Book Title: Research Handbook on Political Economy and Law

Editor(s): Mattei, Ugo; Haskell, D. John

Publisher: Edward Elgar Publishing

ISBN (hard cover): 9781781005347

Section: Chapter 15

Section Title: Personal responsibility for systemic inequality

Author(s): McCluskey, Martha

Number of pages: 19

Abstract/Description:

‘Equality ha[s] come and gone as a social idea with traction, even among liberal intellectuals,’ concludes the American historian Daniel T. Rodgers. In this chapter I argue that equality’s undoing follows from an economic ideology of law that grounds justice in an illusory divide between individual agency and collective support. If equality means gaining from government protection rather than from individual production, then equality will appear to come at the cost of responsible action. This conceptual bind operates through two strands of personal responsibility arguments. The first, perhaps more familiar, version legitimates inequality by attributing it to individual failure.

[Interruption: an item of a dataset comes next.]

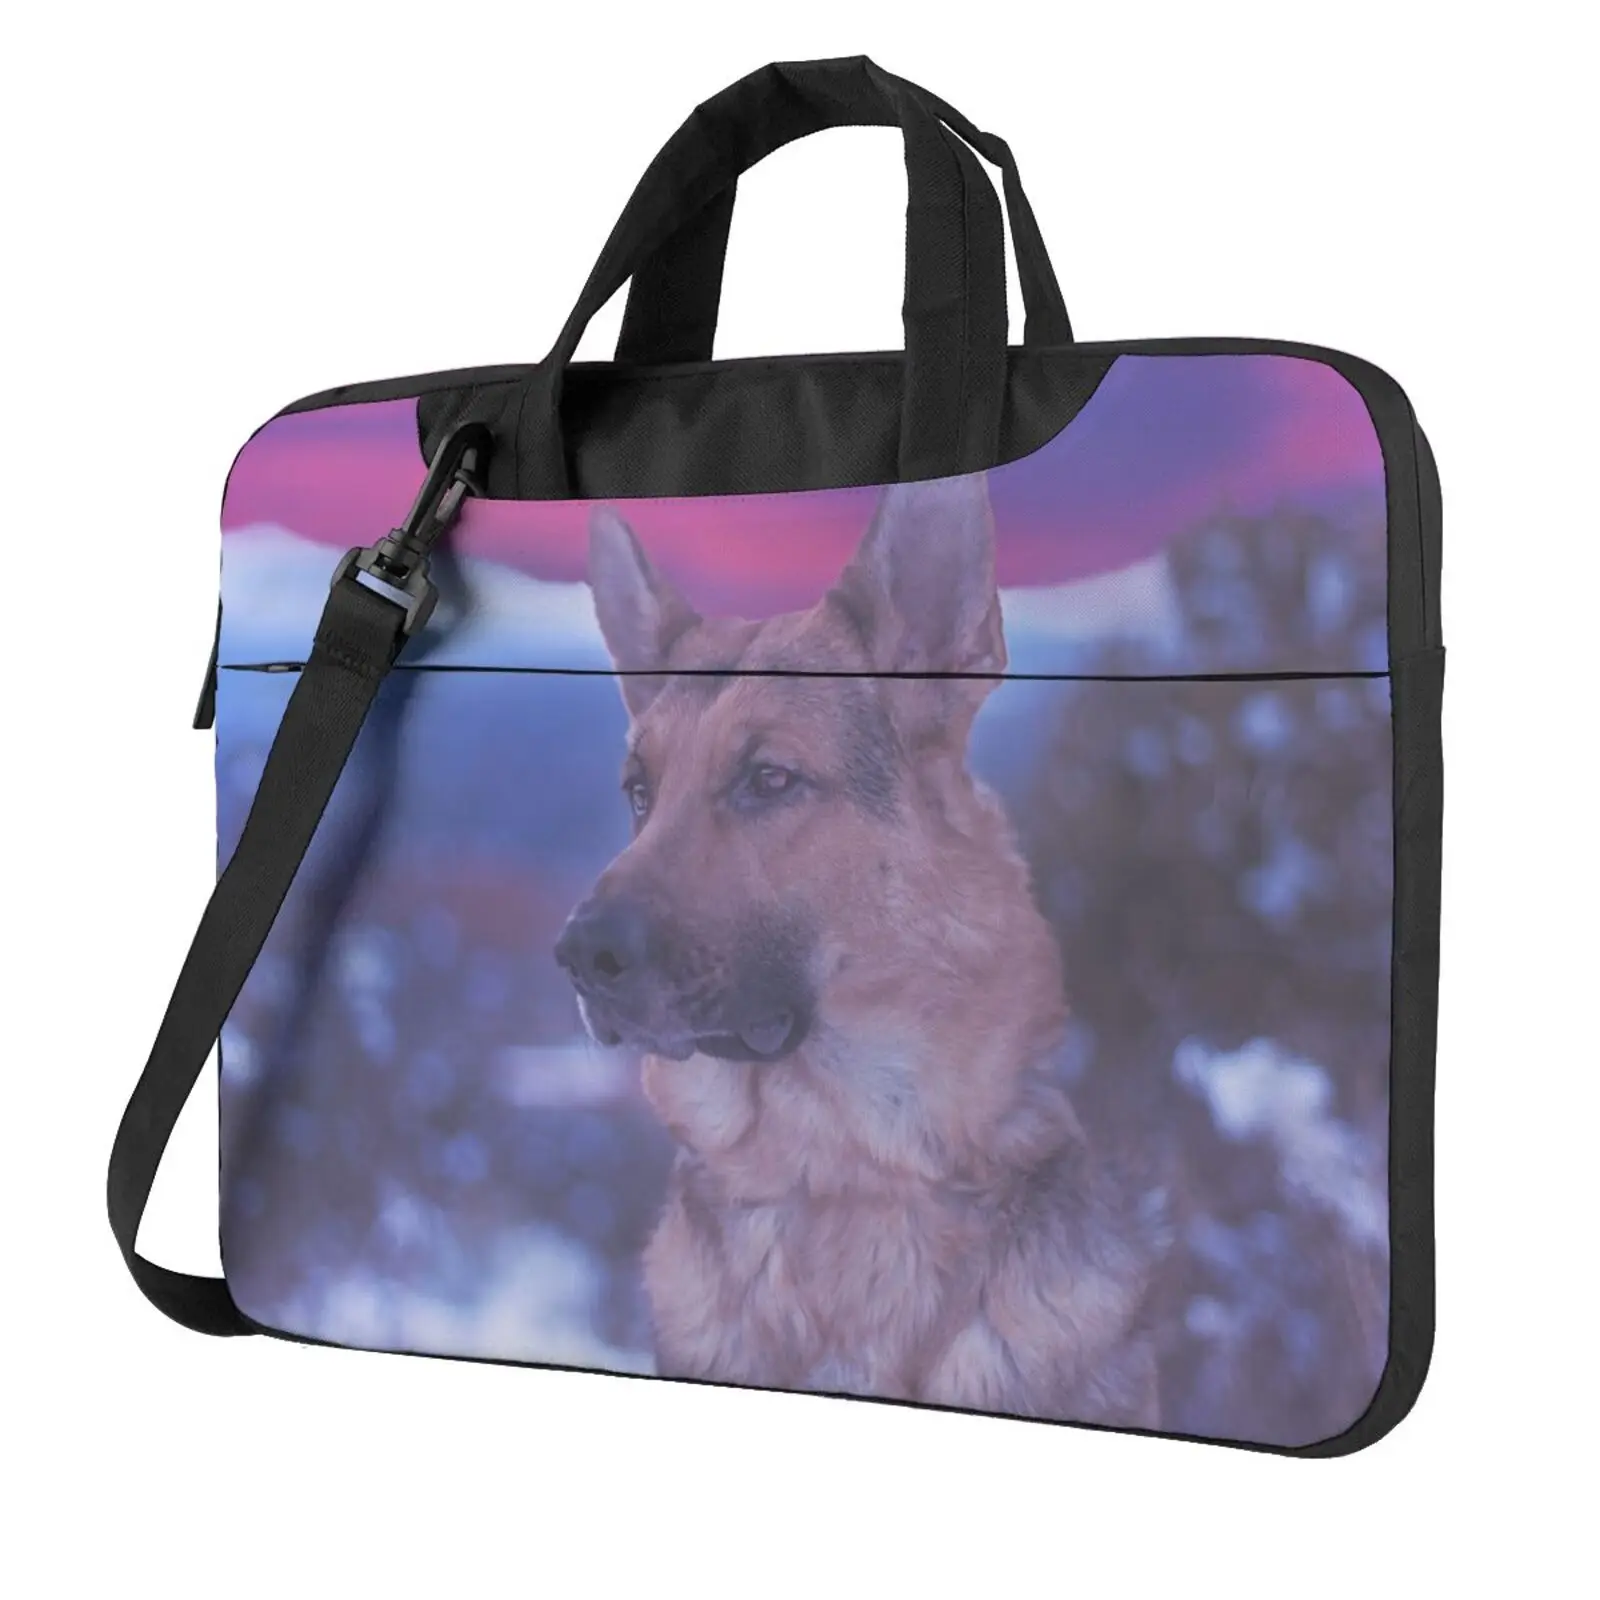 noisydesigns-portable-laptop-bag-german-shepherd-dog-13-14-156inch-shoulder-handbag-messenger-case-laptop-sleeve-for-macbook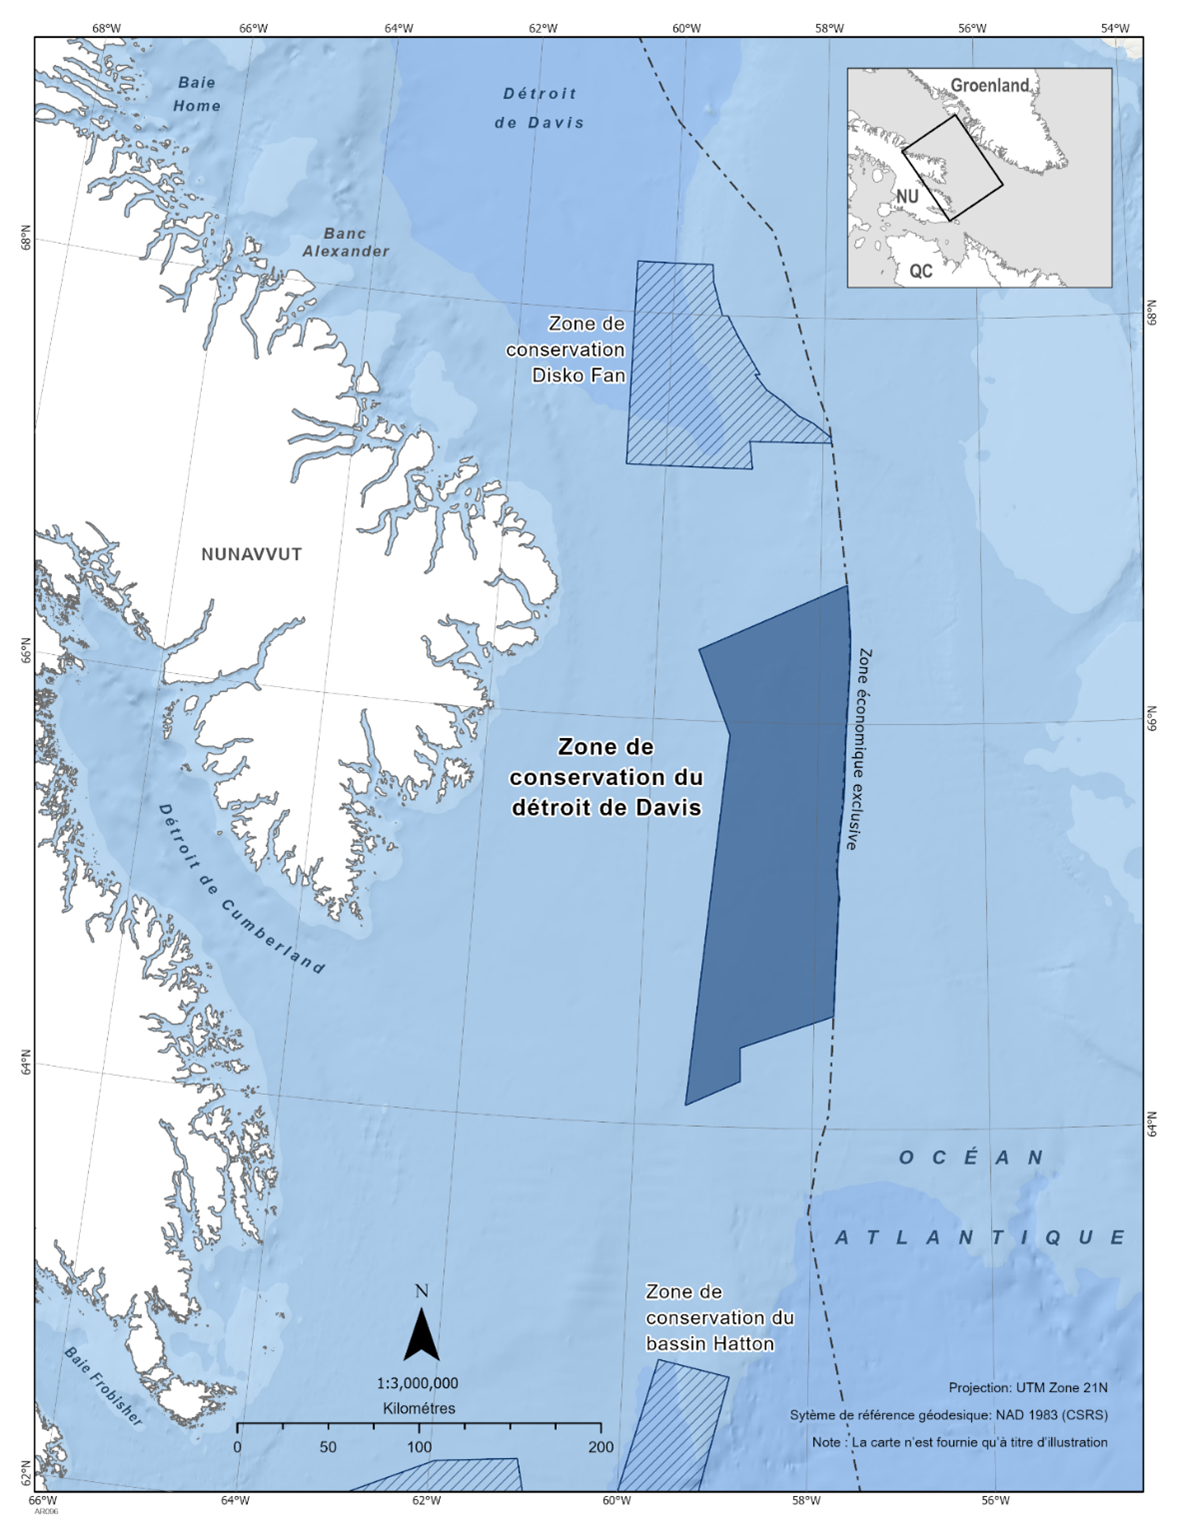 Carte de la zone de conservation du détroit de Davis en bleu foncé. La carte présente également d'autres refuges marins à proximité avec des lignes diagonales bleu foncé (zone de conservation de Disko Fan et zone de conservation de Hatton Basin).

In recent global austerity politics, a second theory of personal responsibility legitimates inequality and insecurity even while attributing these harms to systemic failures far beyond individual control. Welfare reform efforts in the United States embraced the first strand of argument in the Personal Responsibility and Work Opportunity Reconciliation Act of 1996. A prominent rationale for that legislation was that the former national welfare program of income support for impoverished single mothers caused more women to become impoverished single mothers, in a cycle of dependency or moral hazard that effectively rewarded women for bearing and raising children without an employed husband or without sufficient earnings of their own. The reform legislation increased penalties and benefit restrictions in order to induce impoverished parents to seek wage work or marriage or to delay or forgo bearing (or raising) children.